I’ve never been a vegetarian who claims he doesn’t miss certain food. I used to love buffalo chicken dip; what’s a Superbowl party without it? This year I finally got fed up with being dip-less and decided to make my own.
Too often the impulse for making meat-free dishes is to reach for something with tofu or the name “fak’n” in front of it. Beans are a great substitute that are also cheap, tasty, and something everyone can recognize.
To lighten this dip up slightly you can use a reduced fat cream cheese instead of full-fat. I would avoid fat-free because the taste and texture would be off.
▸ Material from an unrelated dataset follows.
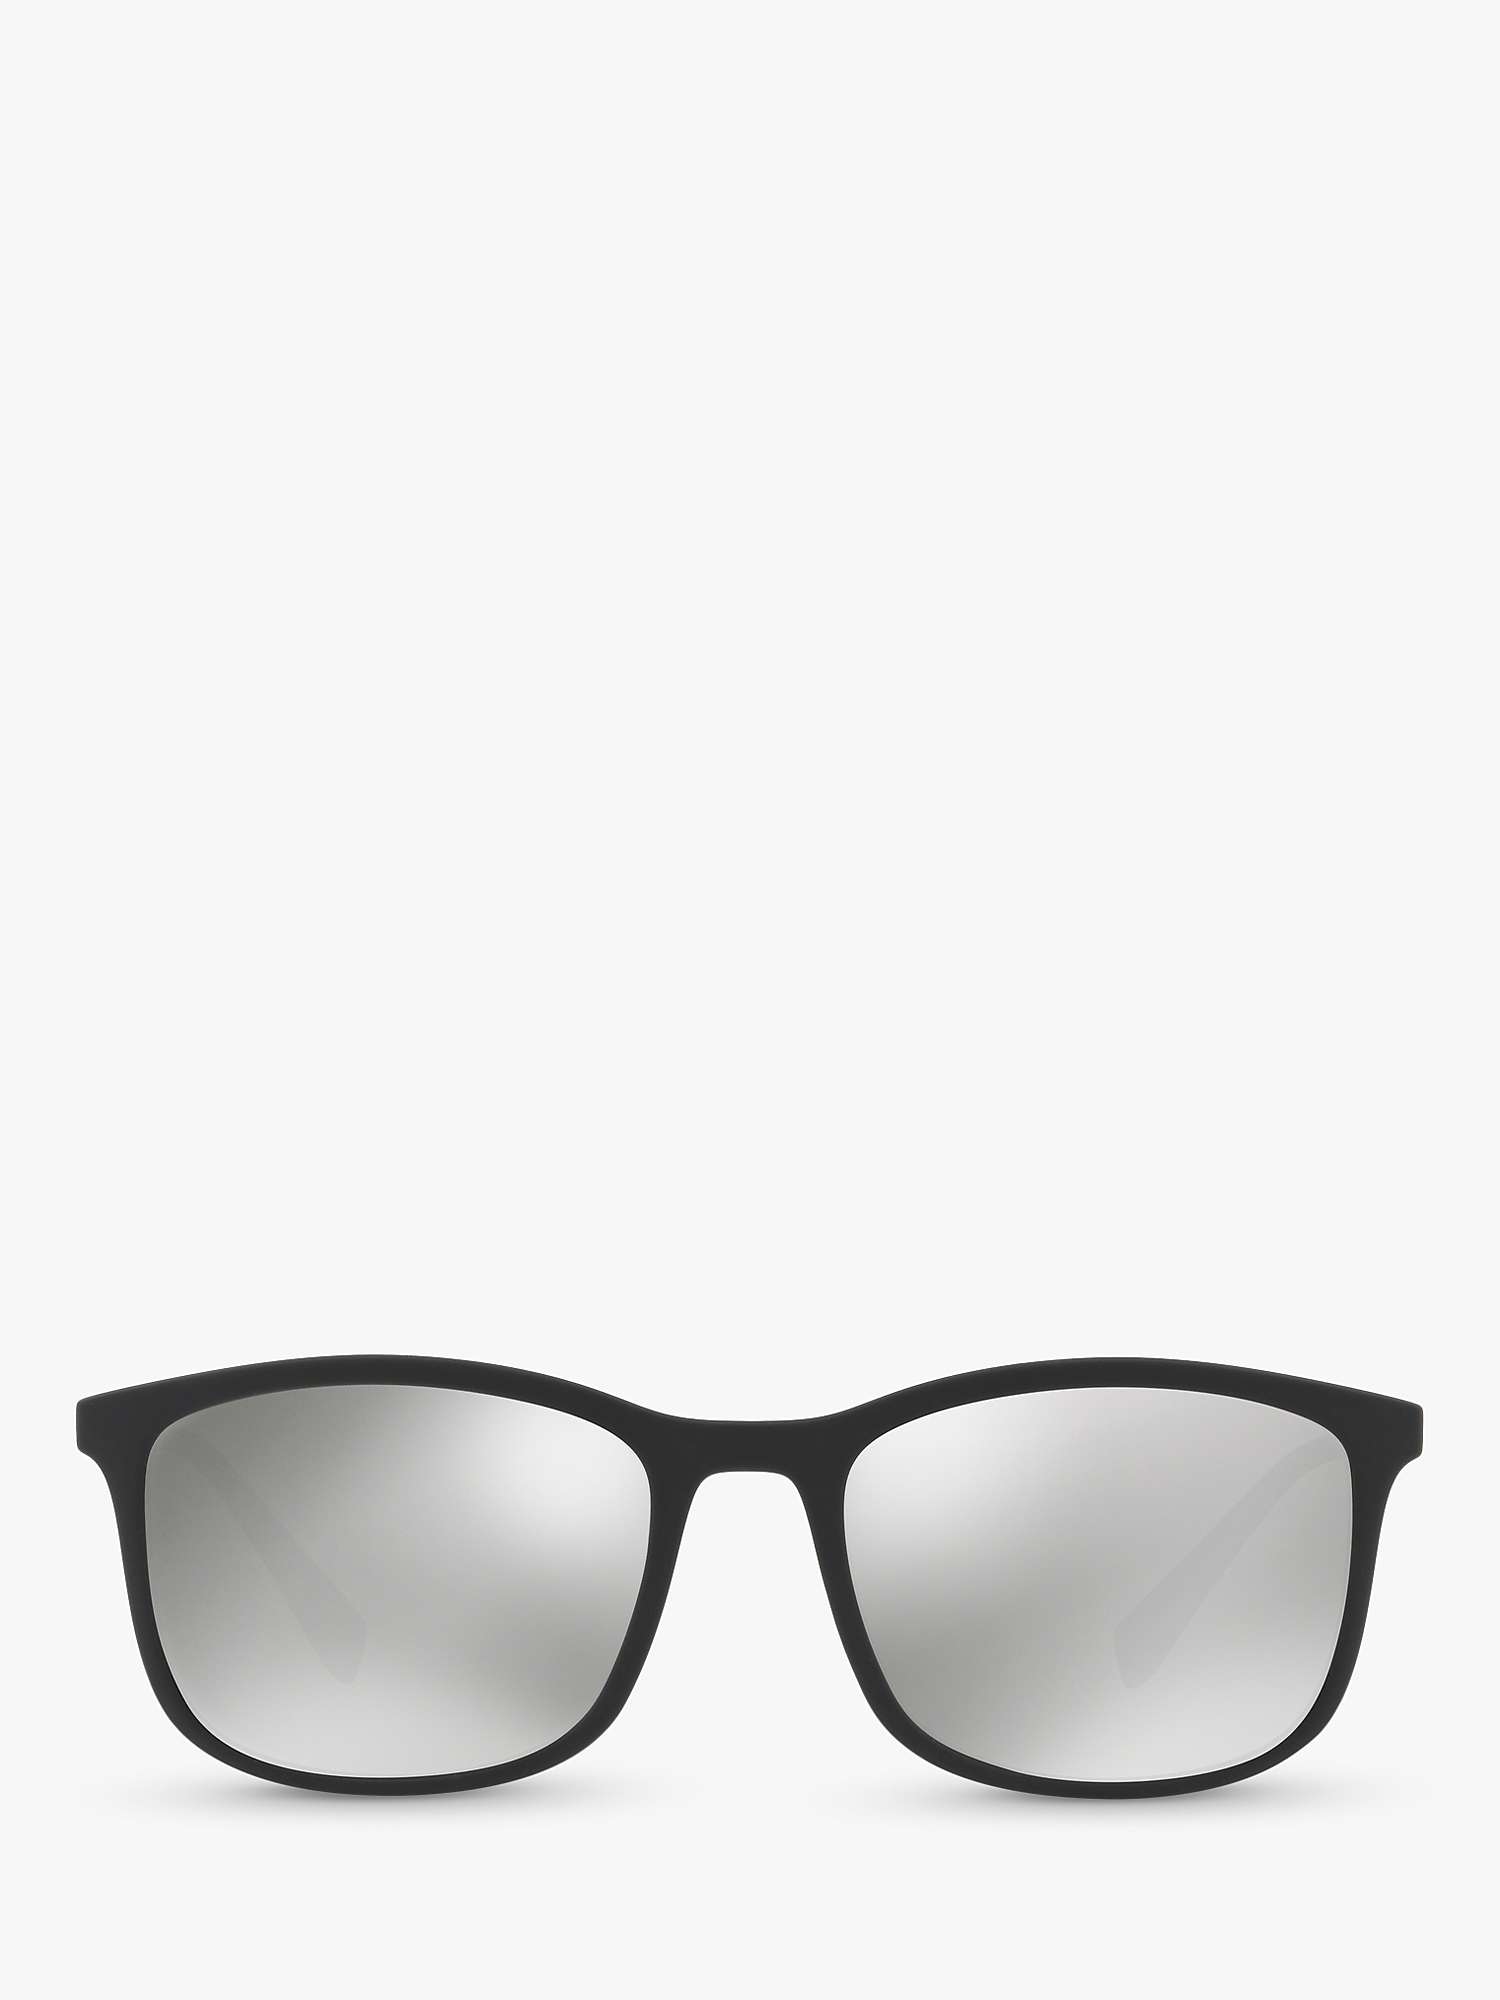 Buy Prada Linea Rossa PS 01TS Men's Rectangular Sunglasses, Black/Mirror Grey Online at johnlewis.com

Similarly you can swap in reduced fat cheese as well.
Vegetarian Buffalo Chicken Dip
Prep time: 10 minutes
Cook time: 25 minutes
Ingredients(Serves 8-12 people):
- 8oz cream cheese
- 1/2 cup hot sauce
- 8oz shredded cheddar or Mexican-blend cheese, divided
- 1 15oz can white beans, rinsed and drained
- Preheat your oven to 350 degrees.
- In a large bowl, beat together the hot sauce, cream cheese, and 6 ounces(about 1 1/2 cups) of shredded until mixed.
- Fold in the beans, adding a little bit of water if necessary until fully incorporated.
- Scoop the dip into an oven-safe bowl and spread out the remaining cheese on top to cover it.
- Bake for 20-25 minutes until the cheese begins to brown and the center is hot.
- Remove from the oven and serve hot with crudité and nachos.
You will not miss the chicken; I swear it.